The same Bellman operator with the same greedy policy, might not guarantee $S_{1}$ and $S_{2}$ could get closer after this transition.

Because the same policy working on different states might not come out with the same action, even the same action might leads to different one step transition.

In above proof, we are applying on the same state, but different value functions.

Value Improvement In Policy Iteration

[1] The background

Suppose in the beginning, we are given Bellman operator $B_{1}$ applied on some policy $\pi_{1}$ with respect to value function $Q_{1}$, such that $Q_{1}$=$B_{1}Q_{1}$ holds.

Still more, there exists another Bellman operator $B_{2}$ applied on a greedy policy $\pi_{2}$ with respect to value function $Q_{1}$, such that $Q_{1}\leq B_{1}Q_{1}$ holds.

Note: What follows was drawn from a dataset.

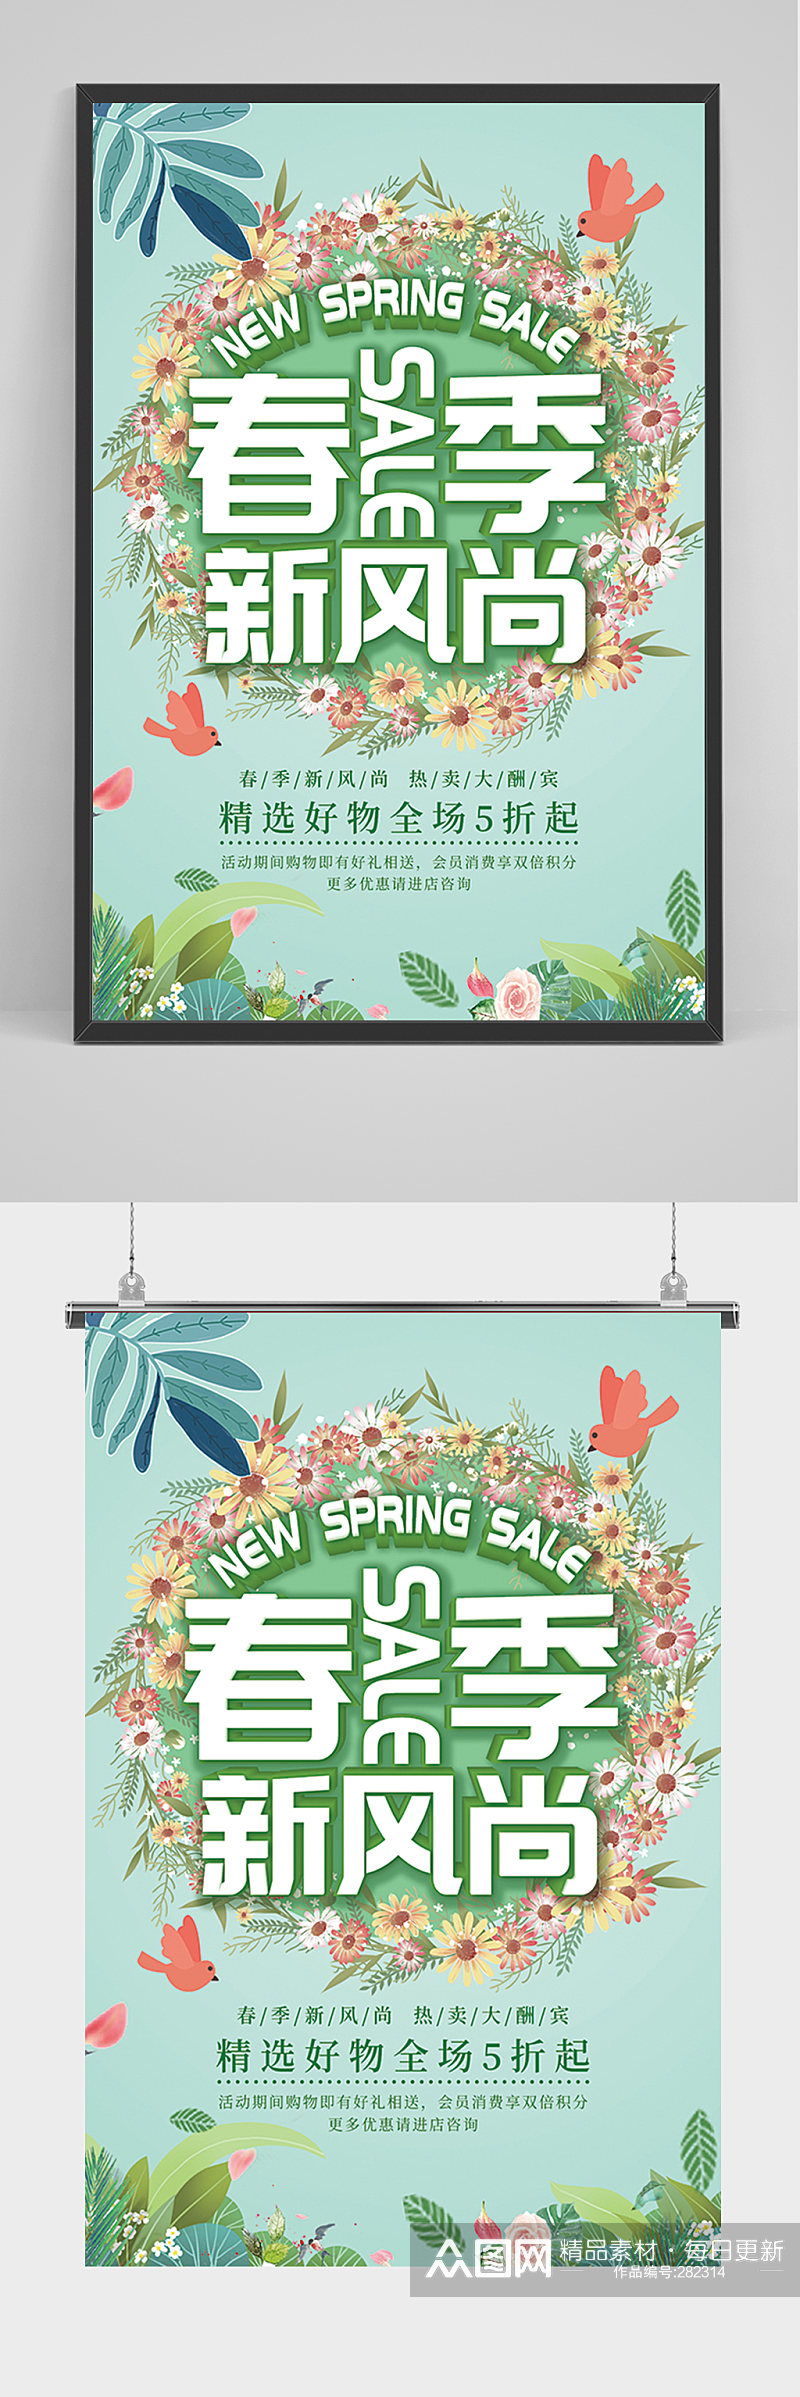 春季新风尚海报促销素材

Above construction holds by contraction property. We have this inequality:
$Q_{1}(S,A)$
=$R(S,A)$+$\gamma\cdot\sum_{S’}P(S’\vert S, \pi_{1}(S’))\cdot Q_{1}(S’,\pi_{1}(S’))$
$\;\;\leq R(S,A)$+$\gamma\cdot\sum_{S’}P(S’\vert S, \pi_{2}(S’))\cdot Q_{1}(S’,\pi_{2}(S’))$

Image we are beginning from state $S$ by using $B_{1}$ on $\pi_{1}$ to reach $Q_{1}$, as it is the fixed point of $B_{1}$, that is to say you start off with the policy, and you get the value function of that policy.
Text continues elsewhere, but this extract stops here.